Art. 9.§ 1. Voor wat betreft de binnen de horizontale en verticale federale overheidsdiensten te begeven management- en staffuncties, maakt SELOR Selectiebureau van de Federale Overheid de lijst van de in groep A ingedeelde kandidaten over : 1° aan de betrokken minister, voor de functie van voorzitter van het directiecomité;2° aan de voorzitter van het directiecomité, voor de andere management- en staffuncties. Met de kandidaten van groep A wordt een aanvullend onderhoud georganiseerd. Dit onderhoud wordt geleid : 1° voor de werving van de voorzitter van het directiecomité, door de minister;2° voor de werving van de houder van de managementfunctie 1 of staffunctie, door de voorzitter van het directiecomité;3° voor de werving van de houder van de managementfunctie 2, door de houder van de managementfunctie 1 en de voorzitter van het directiecomité voor zover deze laatste dit nodig acht;4° voor de werving van de houder van de managementfunctie 3, door de houder van de managementfunctie 2 en de voorzitter van het directiecomité voor zover deze laatste dit nodig acht. § 2. Voor wat betreft de binnen de federale progammatorische overheidsdiensten te begeven managementfuncties, maakt Selor de lijst van de in groep A ingedeelde kandidaten over : 1° aan de bevoegde minister of staatssecretaris, voor de voorzitter;2° aan de voorzitter, voor de overige managementfuncties. Met de kandidaten van groep A wordt een aanvullend onderhoud voorzien.

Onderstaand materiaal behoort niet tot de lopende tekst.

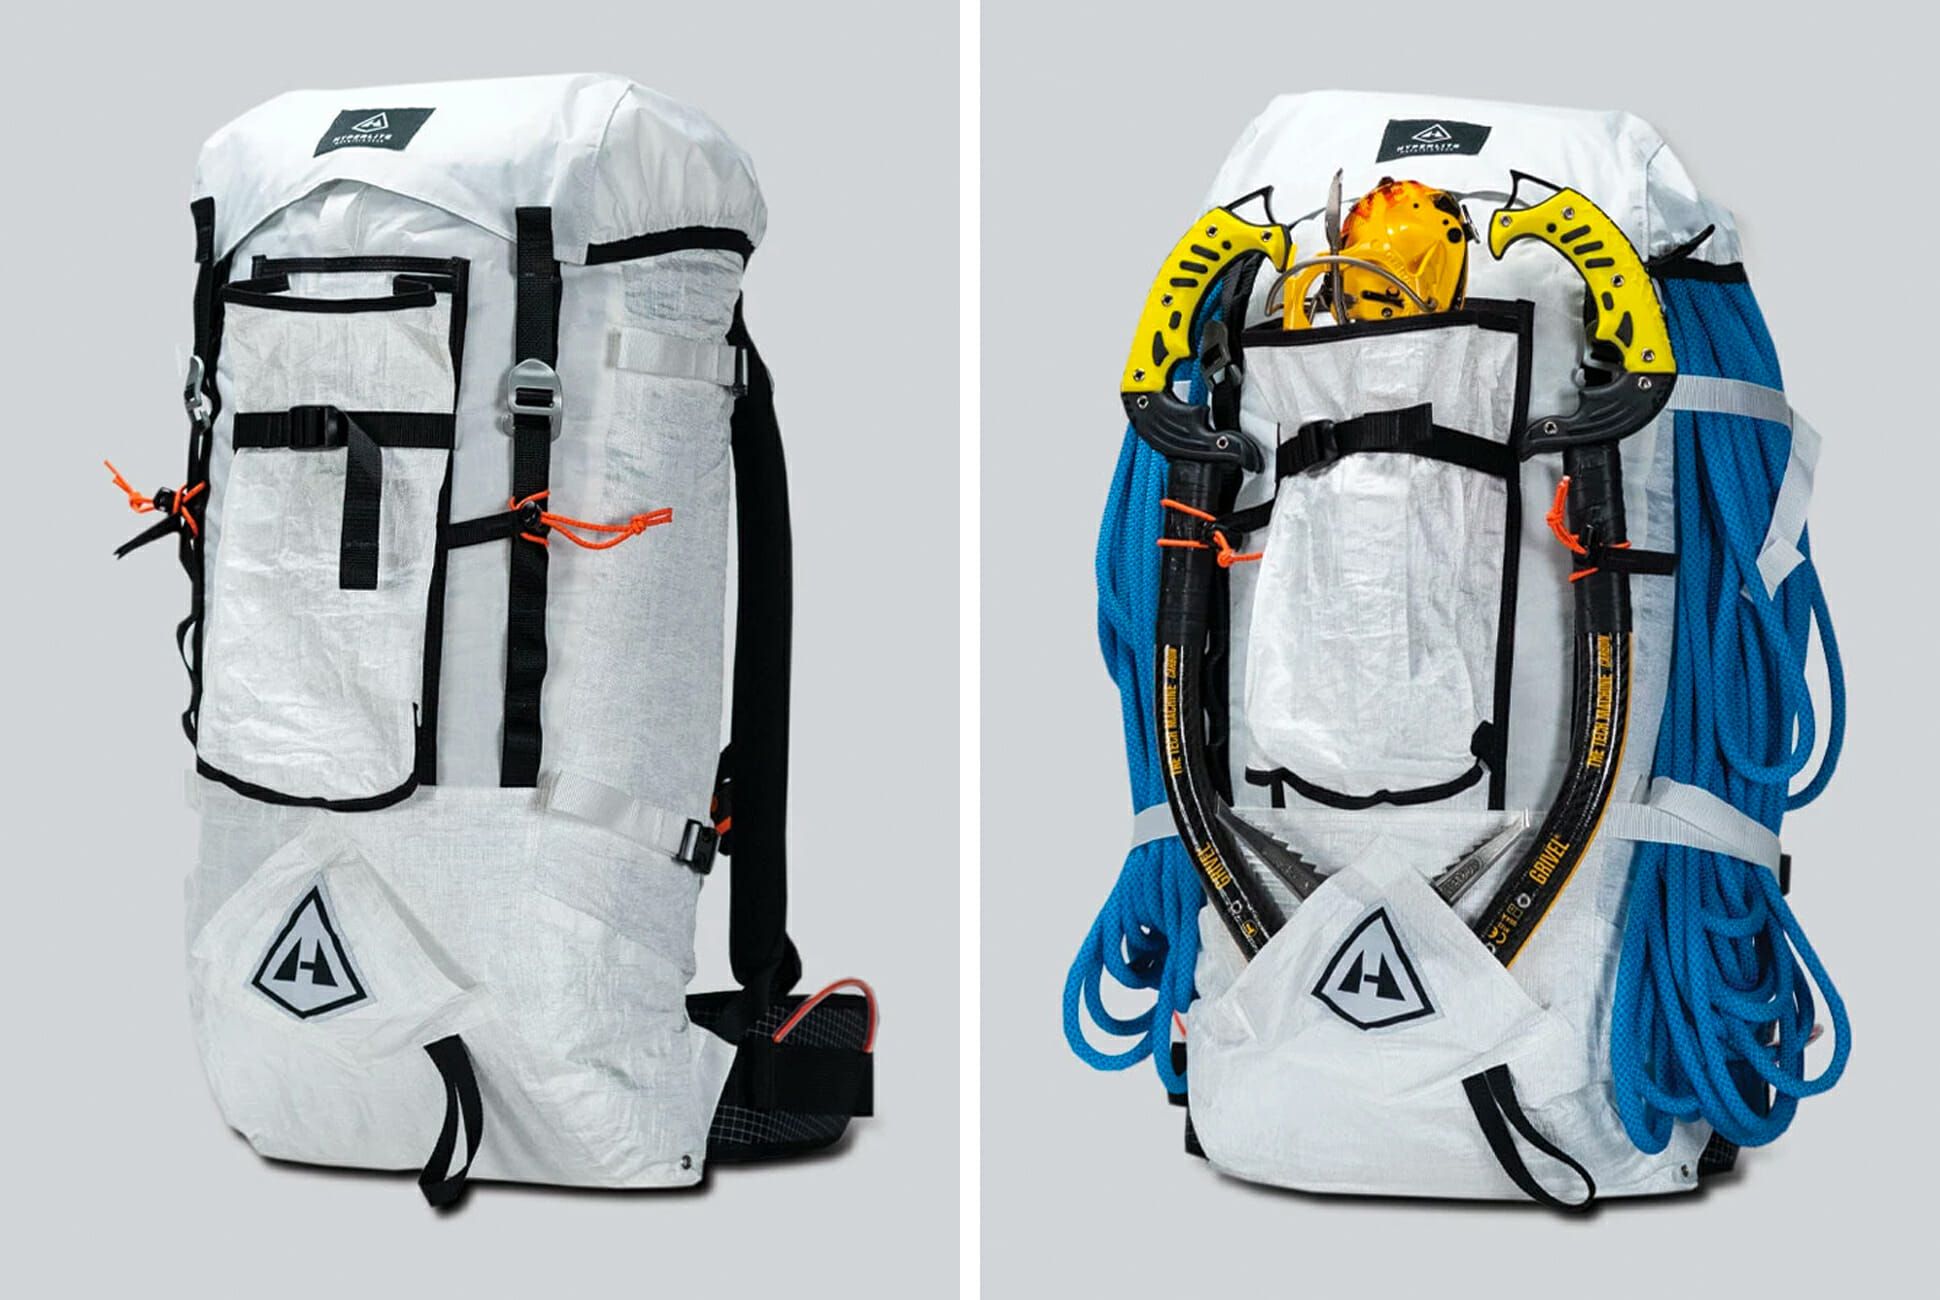 At Last, a New Ultralight Backpack with Tons of Features
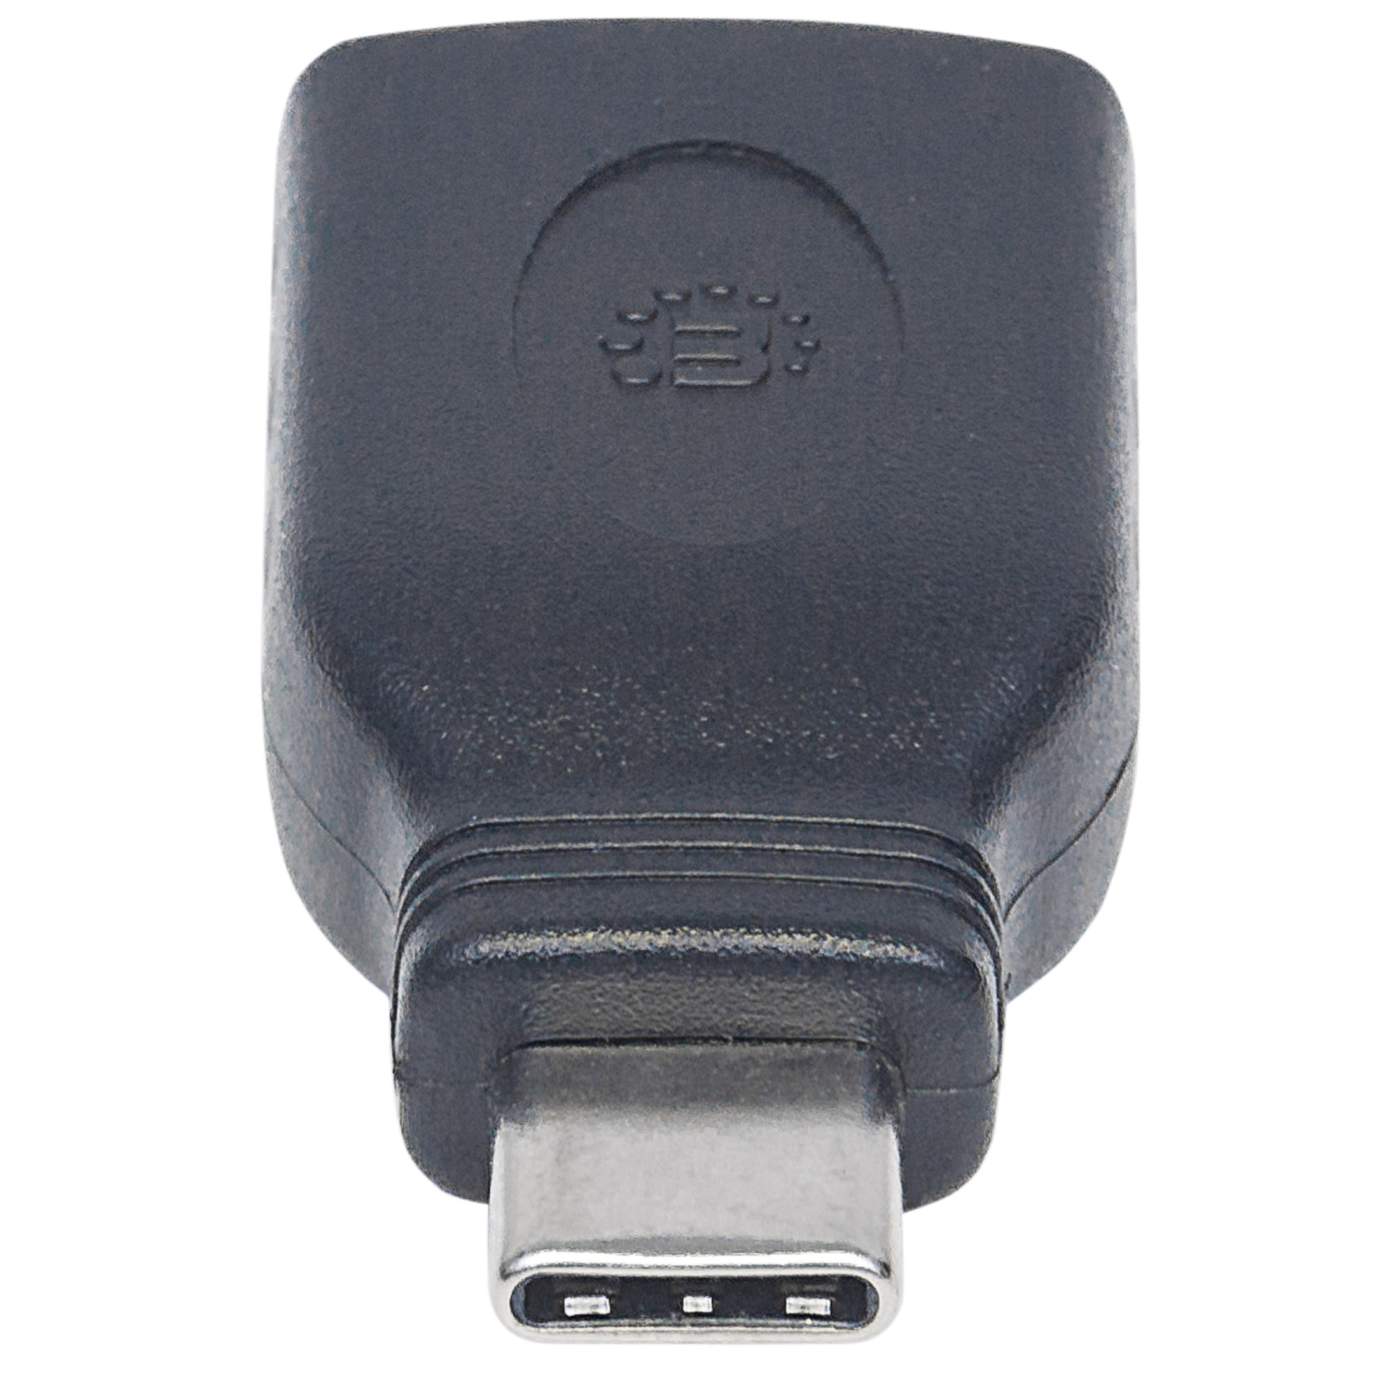 USB-C to USB-A Adapter Image 4

Dit onderhoud wordt geleid : 1° voor de werving van de voorzitter, door de bevoegde minister of bevoegde staatssecretaris;2° voor de werving van de houders van de overige managementfuncties, door de voorzitter. § 3. Bij uitputting van groep A, wordt de procedure vermeld in § 1 en § 2 herhaald voor de kandidaten van groep B. De kandidaten worden ingelicht over het resultaat van de werving. Afdeling IV. - De aanstelling

Art. 10.§ 1. De kandidaten, gekozen overeenkomstig artikel 9, worden voor een periode van zes jaar aangesteld : 1° voor de functie van voorzitter van het directiecomité, door de Koning bij besluit waarover in de Ministerraad werd beraadslaagd, op voorstel van de betrokken minister;2° voor de managementfunctie -1 en de staffunctie, door de minister;3° voor de overige managementfuncties, door de voorzitter van het directiecomité. In afwijking van § 1, 1°, krijgt de voorzitter van het directiecomité van de federale overheidsdienst "Kanselarij en Algemene diensten" een mandaat tot de datum van aanstelling van de opvolger van de Eerste Minister. § 2. In afwijking van § 1, stelt de betrokken minister, de voorzitter en de betrokken voorzitter de houders van een managementfunctie binnen een federale programmatorische overheidsdienst aan voor de duur van het bestaan van de programmatorische federale overheidsdienst en uiterlijk voor zes jaar. § 3. In afwijking van de artikelen 28 tot 33quinquies van het koninklijk besluit van 2 oktober 1937 houdende het statuut van het rijkspersoneel, moeten de houders van een management- of staffunctie geen stage doormaken. HOOFDSTUK IV. - Nadere regels betreffende de uitoefening van de management- en staffuncties Afdeling I. - Het managementplan van de houder van een

managementfunctie

Art. 11.Binnen een termijn van drie maanden na de aanstelling wordt door de houder van de managementfunctie een ontwerp van managementplan en operationeel plan bezorgd aan de organen die het onderhoud bedoeld in artikel 9, geleid hebben.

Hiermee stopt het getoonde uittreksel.